Although the gig economy is claimed to be growing, the majority of gig workers are semi-educated motorbike food and beverage delivery riders. Although they are freelance, there are time constraints on each delivery, which put them under great pressure to complete their set responsibility by the e-food platforms. This leads to traffic dangers on most urban roads.
These types of jobs have a very high turnover, discourage many from taking up work again, and in the end go nowhere. These jobs are at the bottom of the work ‘totem pole’ for Malaysians, who can’t do anything else due to low esteem and lack of opportunity.
This is where the TVET system must be revamped to make it accessible and flexible. The TVET system must play a major role in reframing ‘physical trades work’, such as plumbing, electrical work, tiling and masonry, carpentry, into a qualification through both formal instruction and apprenticeships to improve trade earning capacities. There are shortages of good tradespeople across most urban areas in Malaysia.
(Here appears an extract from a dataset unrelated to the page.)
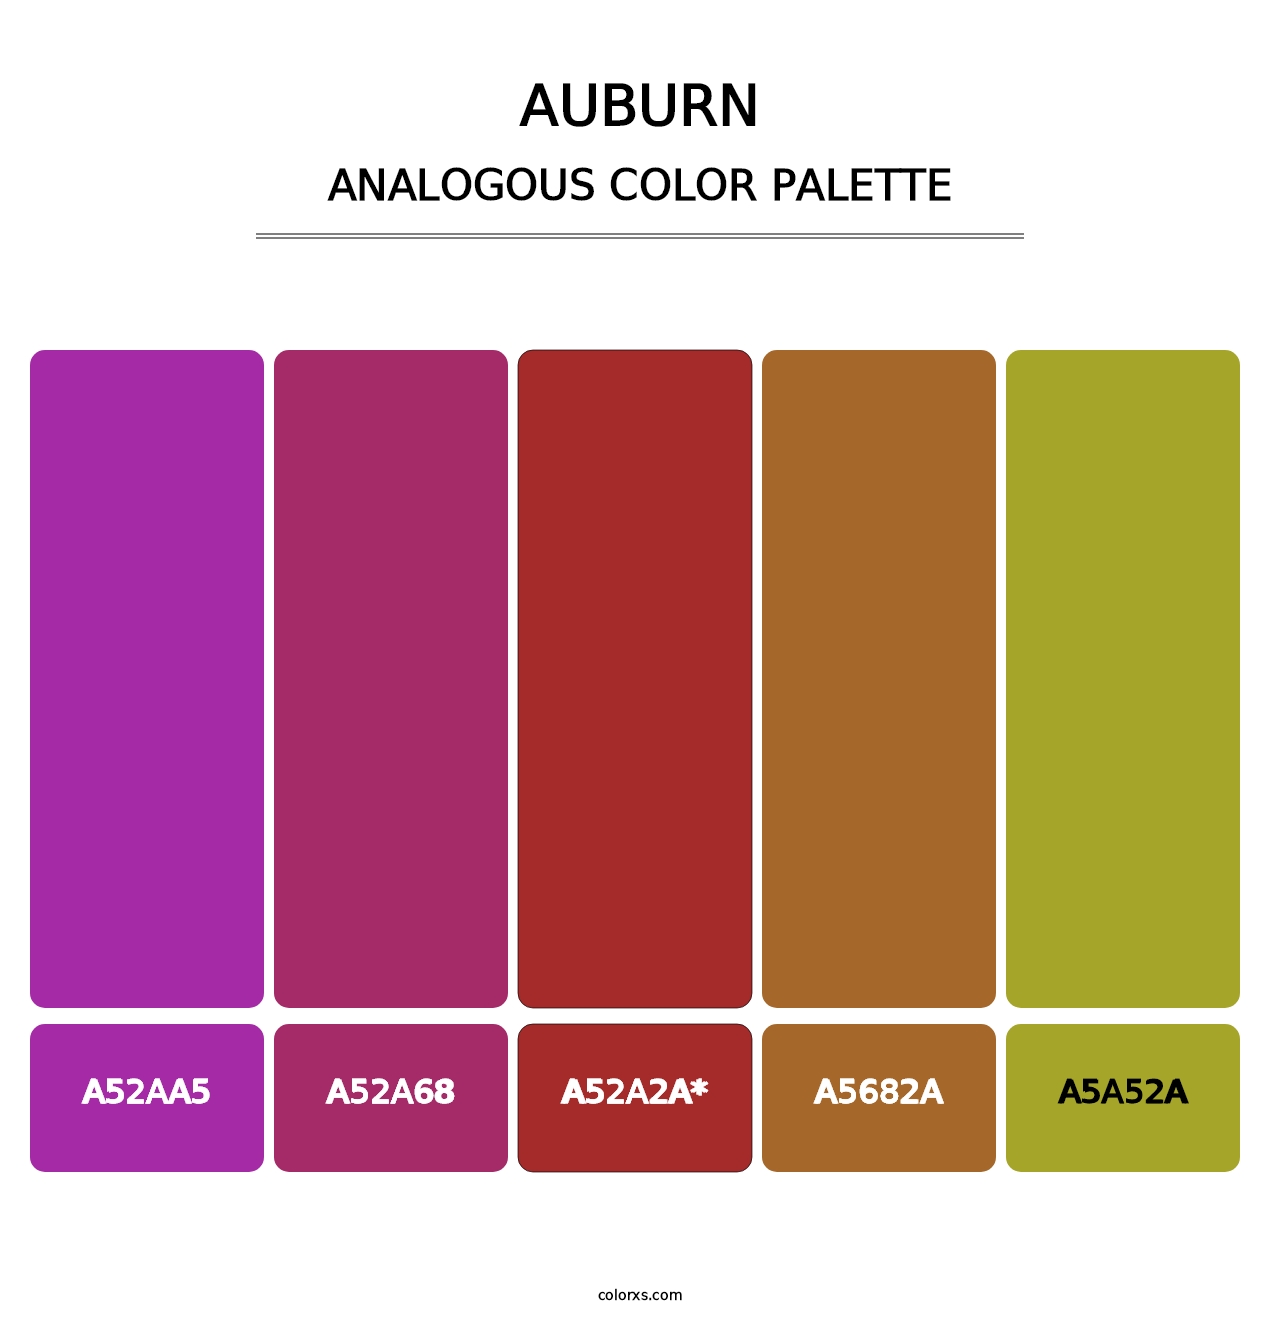 Auburn - Analogous Color Palette
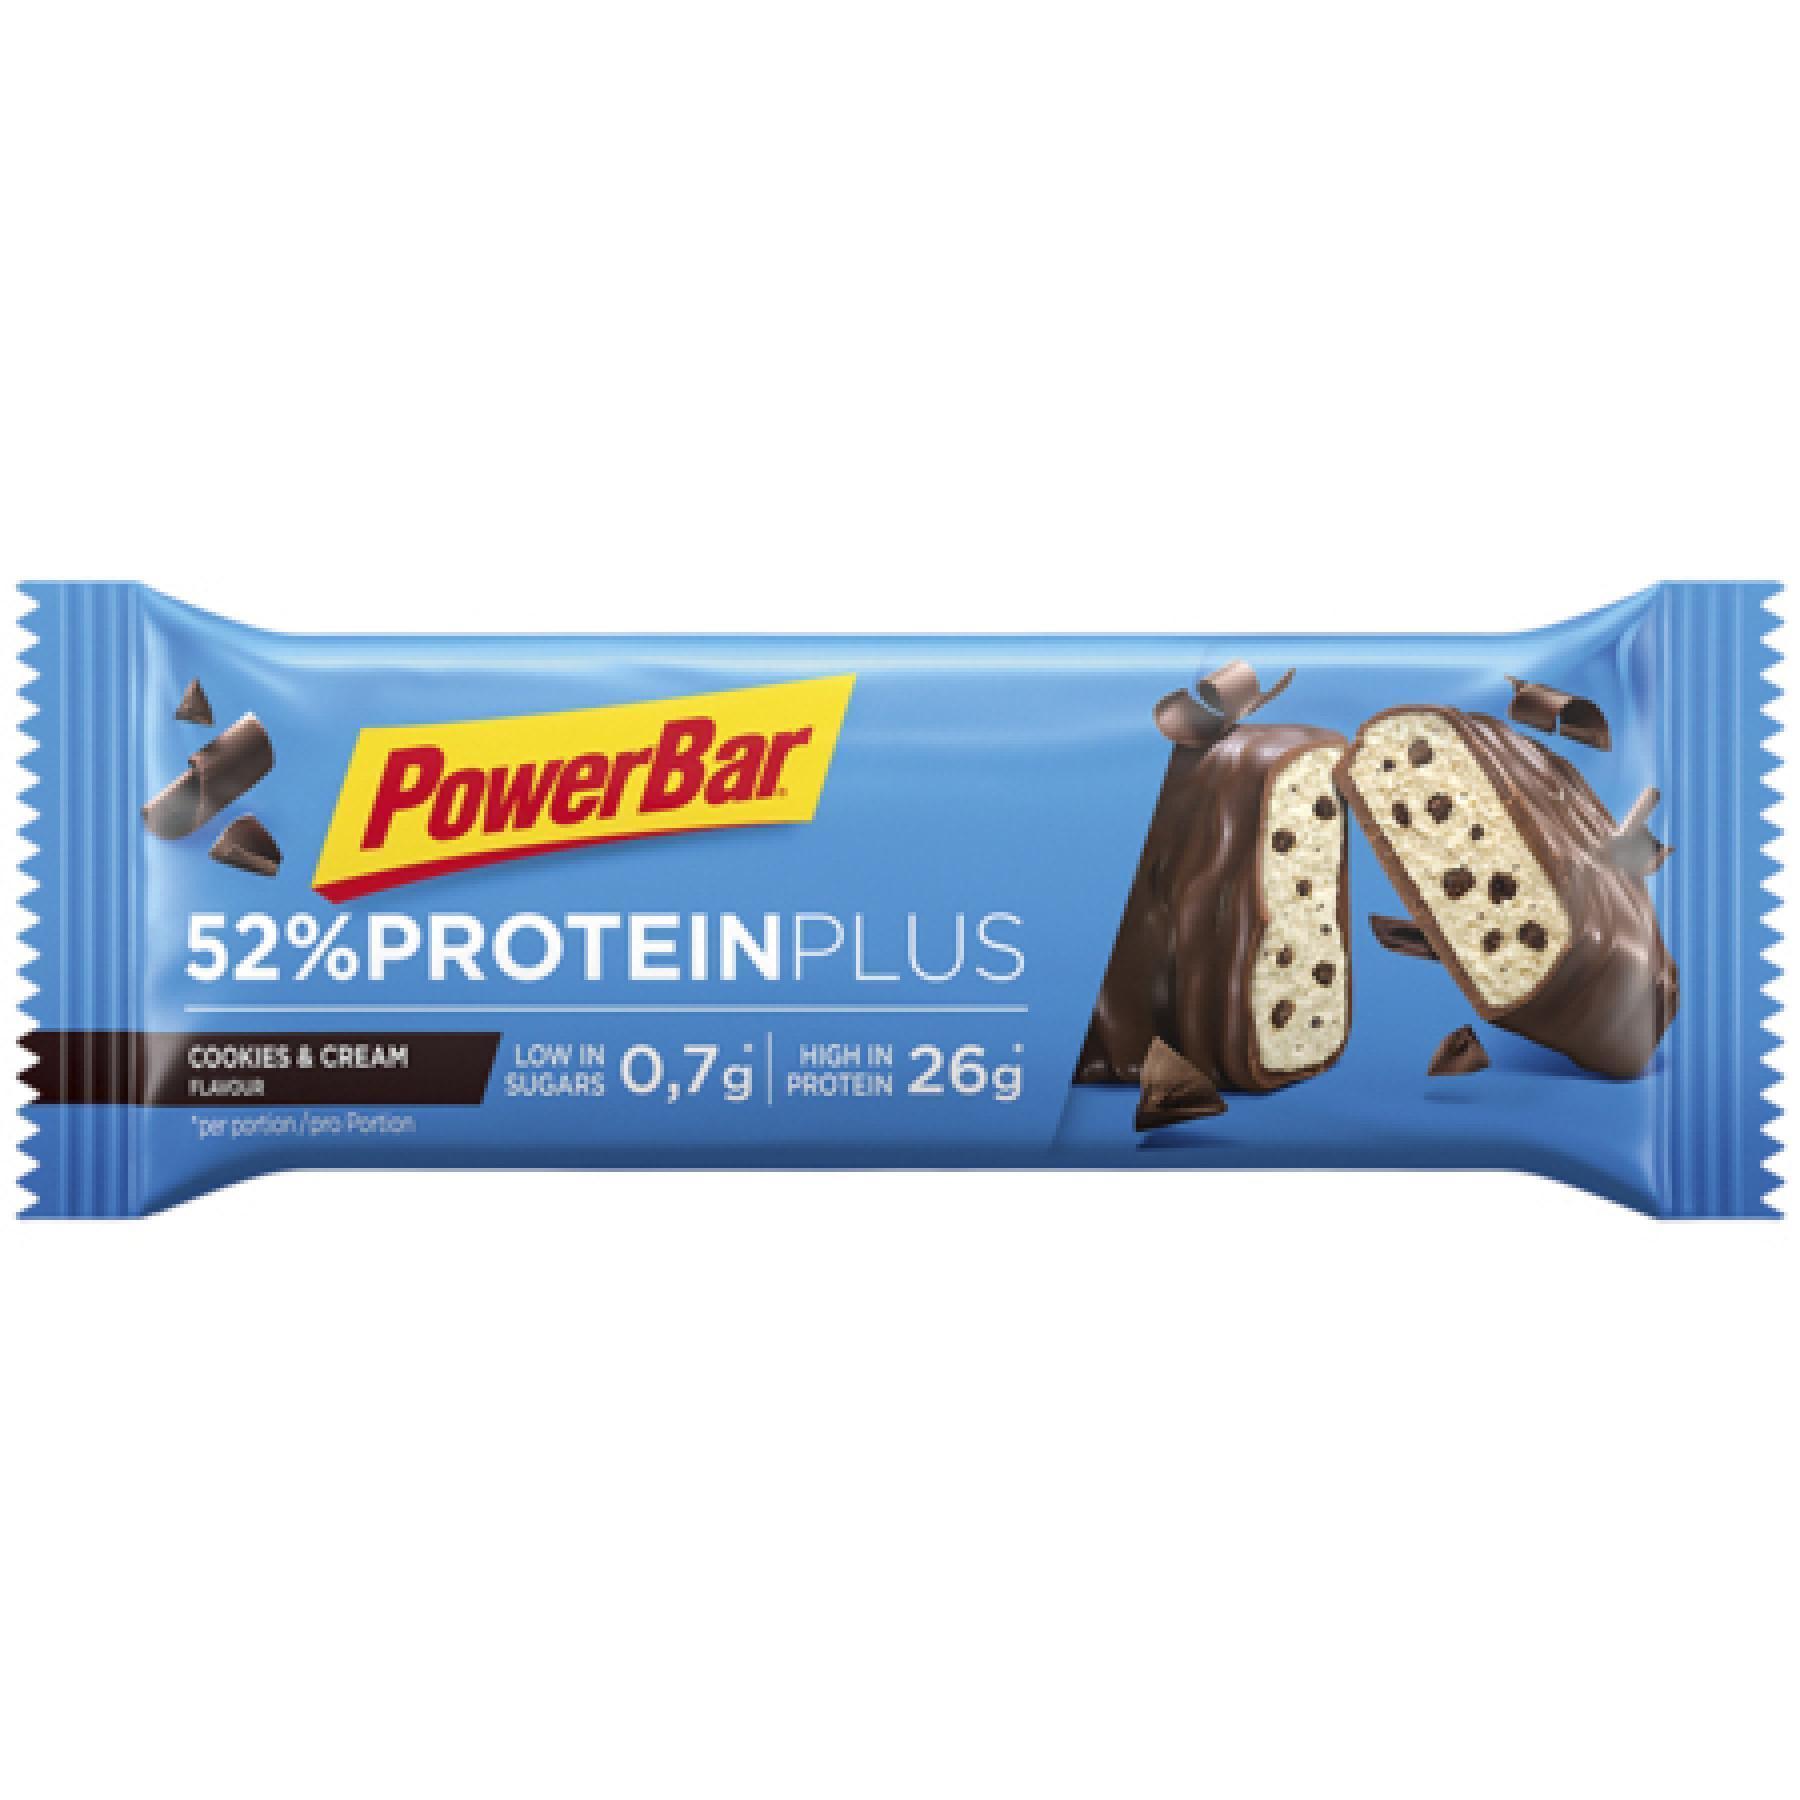 Lot de 20 Barres PowerBar 52% ProteinPlus Low Sugar Cookies & Cream

There should be a return to craft-based manufacturing of shoes, tailoring, and household items that once existed a few generations ago. There should be an emphasis on adding value to products within the informal sector. Adding value to products increases national productivity levels, which is rapidly falling in Malaysia at present. A lot can be learnt from the One Tambun One Product (OTOP) program that existed in Thailand a decade ago.
The same goes with food and beverages. Developing fusion food ideas increases value at pasar malam and stalls. Market gardeners can develop online home delivery systems. Such ideas can develop new value-added demand.
It is here where government development programs must be focused to make a difference. Innovation is a great tool to use in alleviating poverty.
For the rest within the informal sector, a minimum income safety net must be created to catch and support those who really need support. This needs a ‘Robin Hood’ taxation policy, that taxes the super-rich and redistributes income to the B20. The government must have the strength to undertake this. The money is already there, and such an initiative wouldn’t add anything to government debt levels. If not, Malaysia will become a country with a small group of super-rich and a large group of citizens living in poverty.
This is not the Malaysia anyone should want.
Ignoring the informal sector will cost Malaysia any chance of achieving uniform growth throughout the economy. Without refocusing policy, the rich will get richer and the poor will become relatively poorer, and Malaysia will remain in the middle-income trap. The best way to drive up wages within the wider economy is to raise incomes within the informal sector to put pressure on employers to offer better wages than what those within the informal sector can earn.
Malaysia must transform from a rent-seeking based economy to an innovation led economy. This should start within the informal sector.